SDN & the Problem With Data Set Transfers

Large data set transfers turn out to be a perfect application for SDN as operators seek fine-grained visibility and control over their traffic physical device behavior.

Bruce Gregory, CEO, Corsa Technologies

December 9, 2015

3 Min Read
SDN & the Problem With Data Set Transfers

Large data set transfers, such as large file transfers between research centers and supercomputing facilities, cause congestion that can wreak havoc on networks. Such transfers disrupt the normal traffic flow in a network, and it is difficult to accurately predict how long it will take to transmit the data (although it is usually a very long time).

Here is the issue: Since these large data set transfers are typically TCP flows that live for a long time, they fill available buffers across the network and disrupt the buffering and queuing of "regular" day-to-day traffic of a campus.
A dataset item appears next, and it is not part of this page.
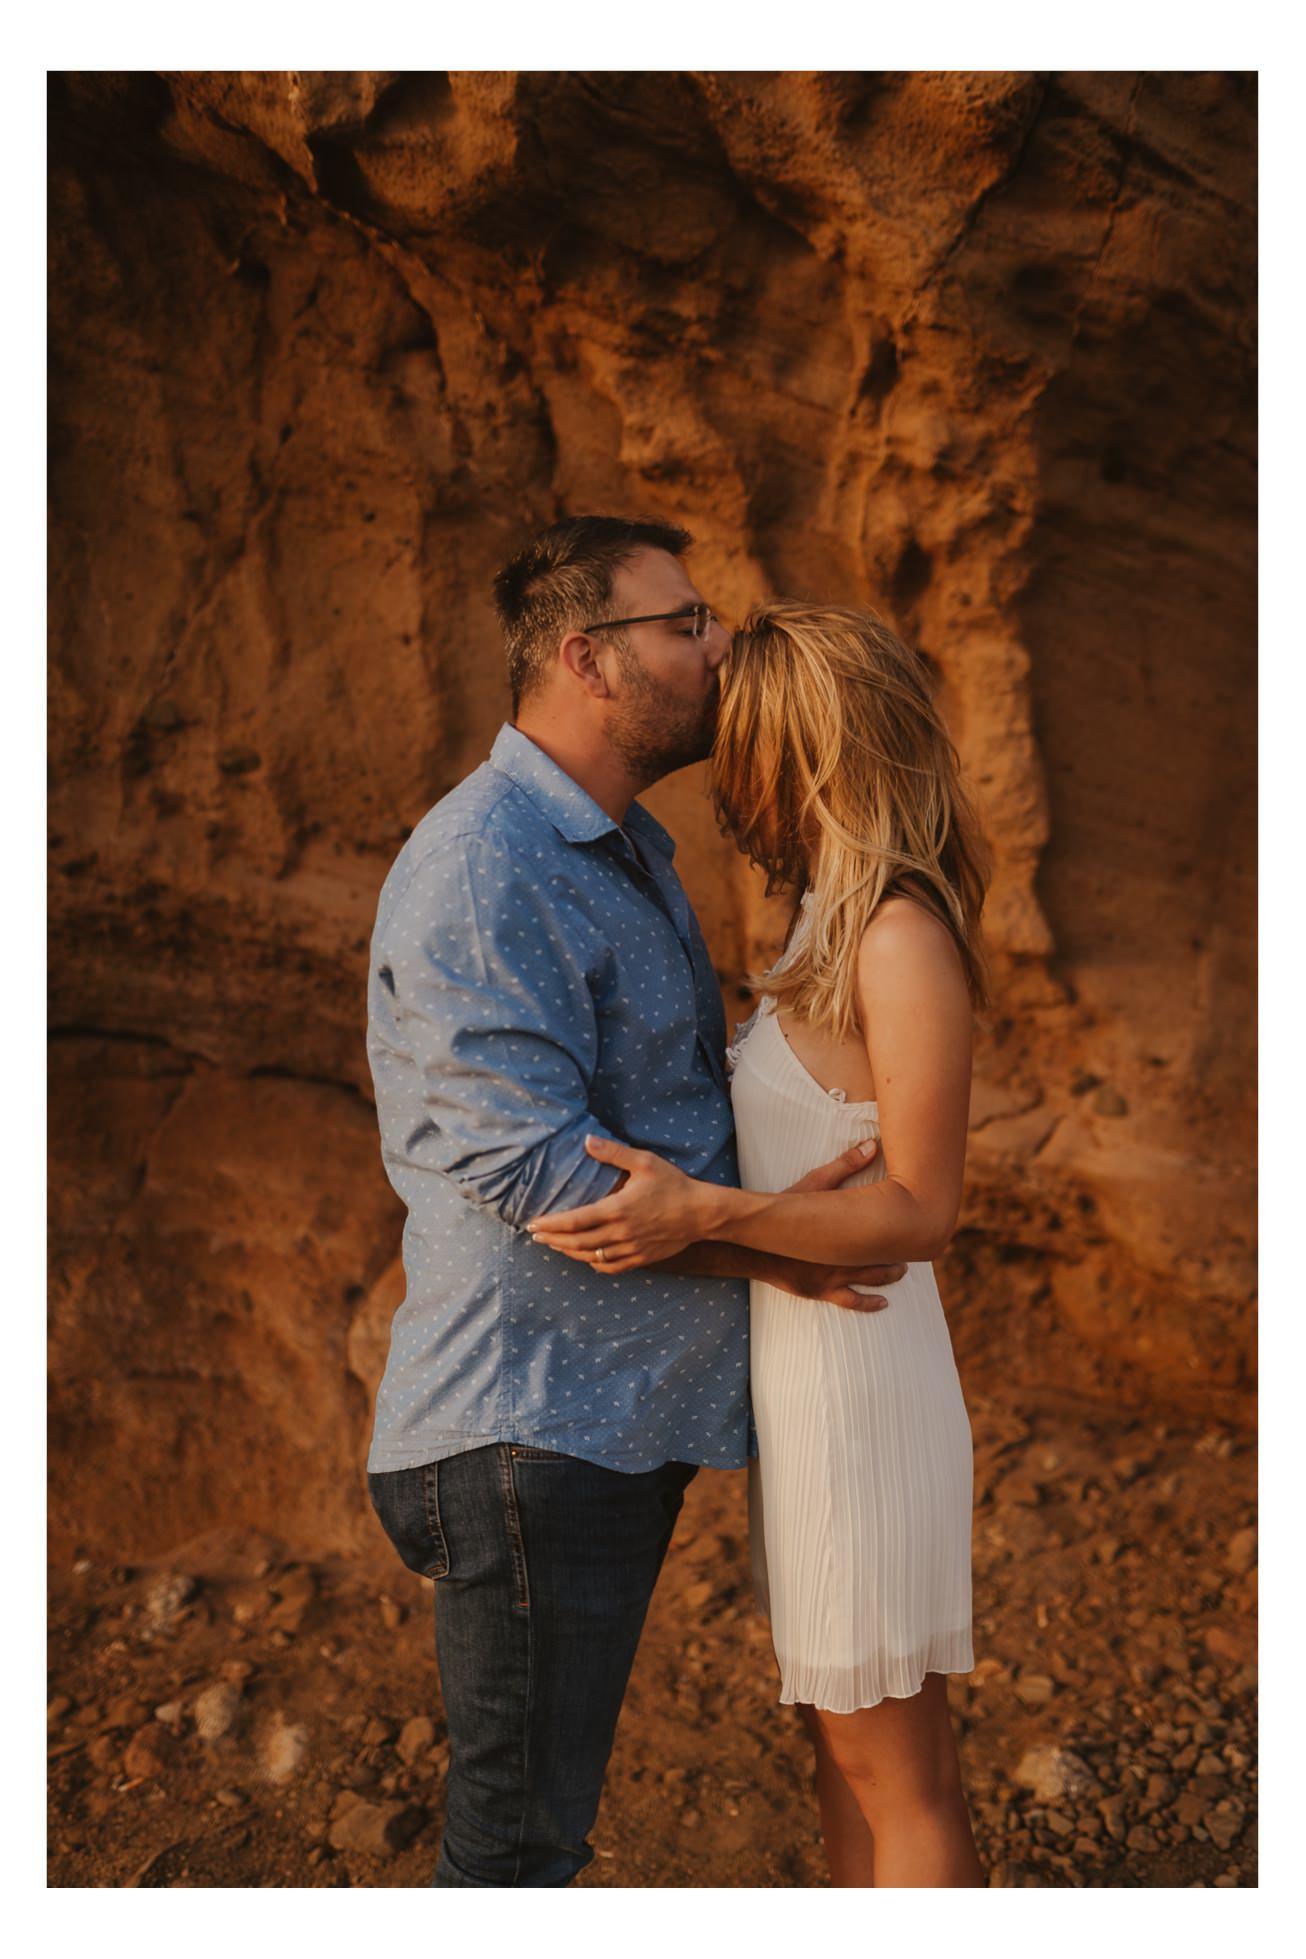 Gran Canaria Canary Islands Wedding Photographer 25

This regular traffic is random, short-lived flows that can be more latency sensitive than the large flows. They don't require a lot of bandwidth, but they do need to complete in a timely fashion.

Perfect SDN application
Large data set transfers turn out to be a perfect application for SDN. First, they require the ability to provide either bandwidth reservation or dynamic bandwidth allocation that meets SLA requirements across a heterogeneous network. Second, the network still needs to accommodate the small flows of regular traffic acceptably.

This is most easily served by a logically centralized control plane that understands application requirements, network topology, capacity and current state. In other words, a software-defined network. The SDN control plane then provisions bandwidth where and when it is needed.

Not just any SDN
Any true SDN solution can provide the intelligent network control described above. Typically, a large transfer is not a random event. You know when you are about to launch a migration and can signal that information, either programmatically or through a GUI, to the SDN controller. The controller can then configure the forwarding plane to act appropriately.

The trick is doing so at the performance levels required for large production networks. For example, companies often prototype a solution using OVS, but find the solution doesn't scale when they try to roll it out to their production WAN.

Making SDN work on a 100G WAN is really hard. SDN solutions that work fine in top-of-rack applications run into scalability and manageability issues in such a demanding environment. They simply are not designed for this level of performance.

Designing SDN for performance networks
The key is to implement a programmable hardware approach that allows an SDN control plane access to a data plane that has been tailored to exactly the functionality the control plane requires. The system should leverage metering and QoS capabilities in order to enable operators to deal with these types of large flows. Operators then have the ability to define per-flow classification requirements as needed. They can also set appropriate meter rates and markers and police traffic.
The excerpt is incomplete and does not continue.